I think it's important to point out it's not really accurate to say it's a circulatory OR nervous effect when in fact the passout effect (syncope) is the result of a feedback loop involving both (a systemic effect).
We're talking about an effect that is occurring in two separate systems that feed into each other (circulatory and nervous) simultaneously, not one after the other, from a SINGLE external force (neck strangulation).
Applying the proper neck pressure in the right spot is essentially causing a big disagreement with those two systems, and the time you spend asleep is the time it takes for them both to normalize.
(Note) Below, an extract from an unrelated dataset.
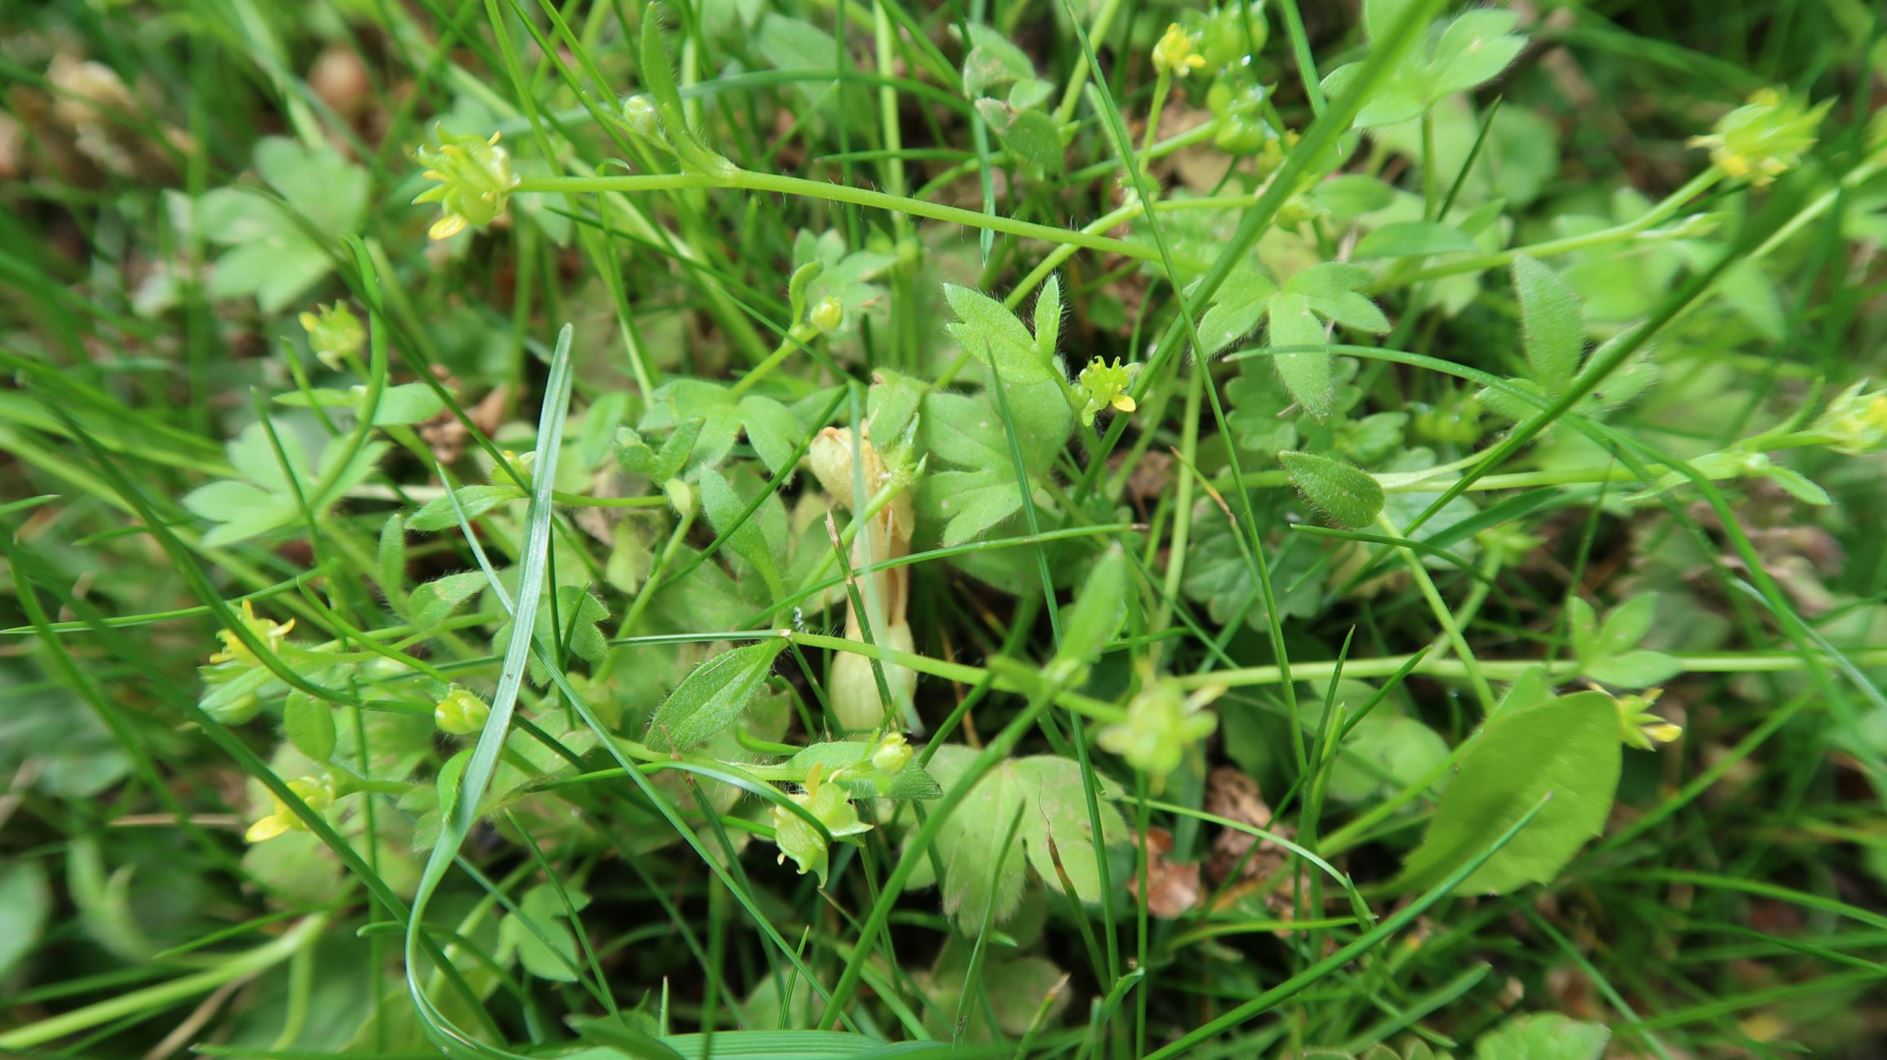 Ranunculus parviflorus - Kleinblütiger Hahnenfuß, smallflower buttercup

Otherwise you get into the "chicken and egg" argument of what comes first, constricted arteries and HIGHER blood pressure OR baroreceptors/vagus response and the resulting LOW PRESSURE, when in fact these are atomic events (i.e. they happen at the same time). So it makes sense for creativo to say "pressurizing the neck restricts bloodflow" because that is correct, but not the sole reason for syncope because that effect can only come when both the nervous and circulatory responses to strangulation "kick in".
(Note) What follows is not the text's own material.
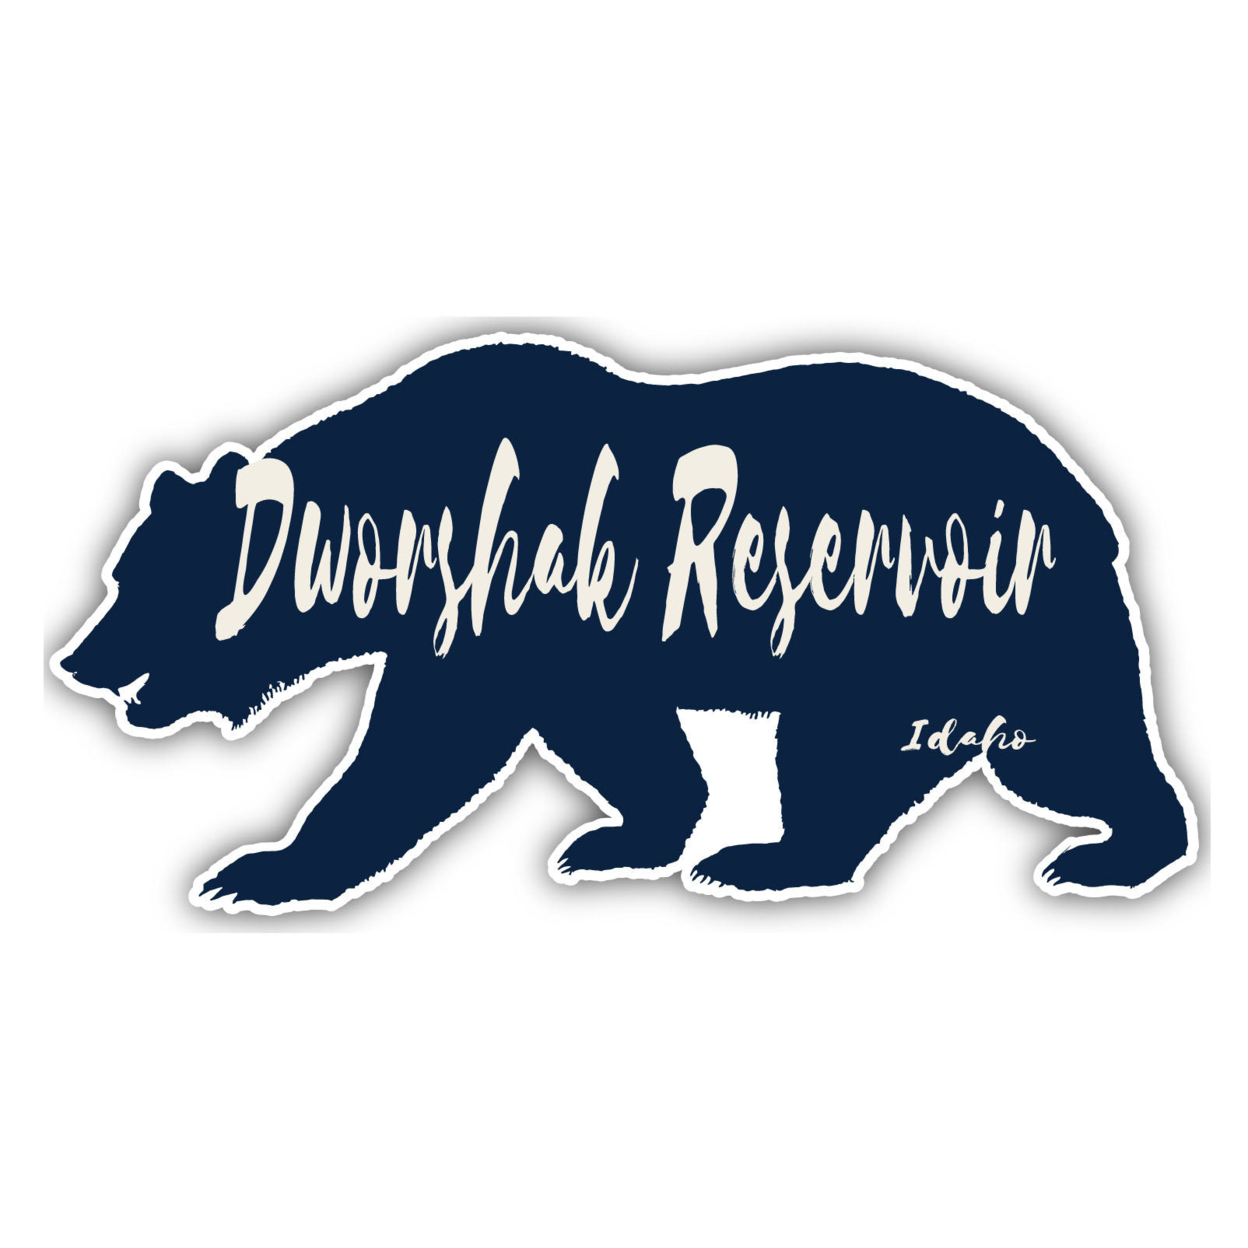 Dworshak Reservoir Idaho Souvenir Decorative Stickers (Choose Theme And Size) - Single Unit, 2-Inch, Tent

So putting this in science-ey terms:
- More physical pressure on the neck arteries = high BP = faster vagus response = (low BP) + (baroreceptorized, poor oxygen content blood) = sleep
- Closer physical pressure to vagus/sinus = faster vagus response = (low BP) + (baroreceptorized, poor oxygen content blood) = sleep
High blood pressure causes the vagus response, which is to lower pumping rate of the heart rapidly (and thus pressure). You can get a blood pressure drop and syncope from having generally high blood pressure, or just COUGHING HARD. The vagus is what tells your heart not to explode while it tries to pump all that blood around your (now pressurized) circulatory system.
"hey buddy there's some congestion up ahead...you might want to slow down for a minutes...that's right...lay back...try to enjoy this..."Local blood pressure around the vagus definitely plays a role, everyone can (hopefully) see from the diagrams that the vagus connects right into the arteries. So the closer constriction is to the vagus, the more effective the choke.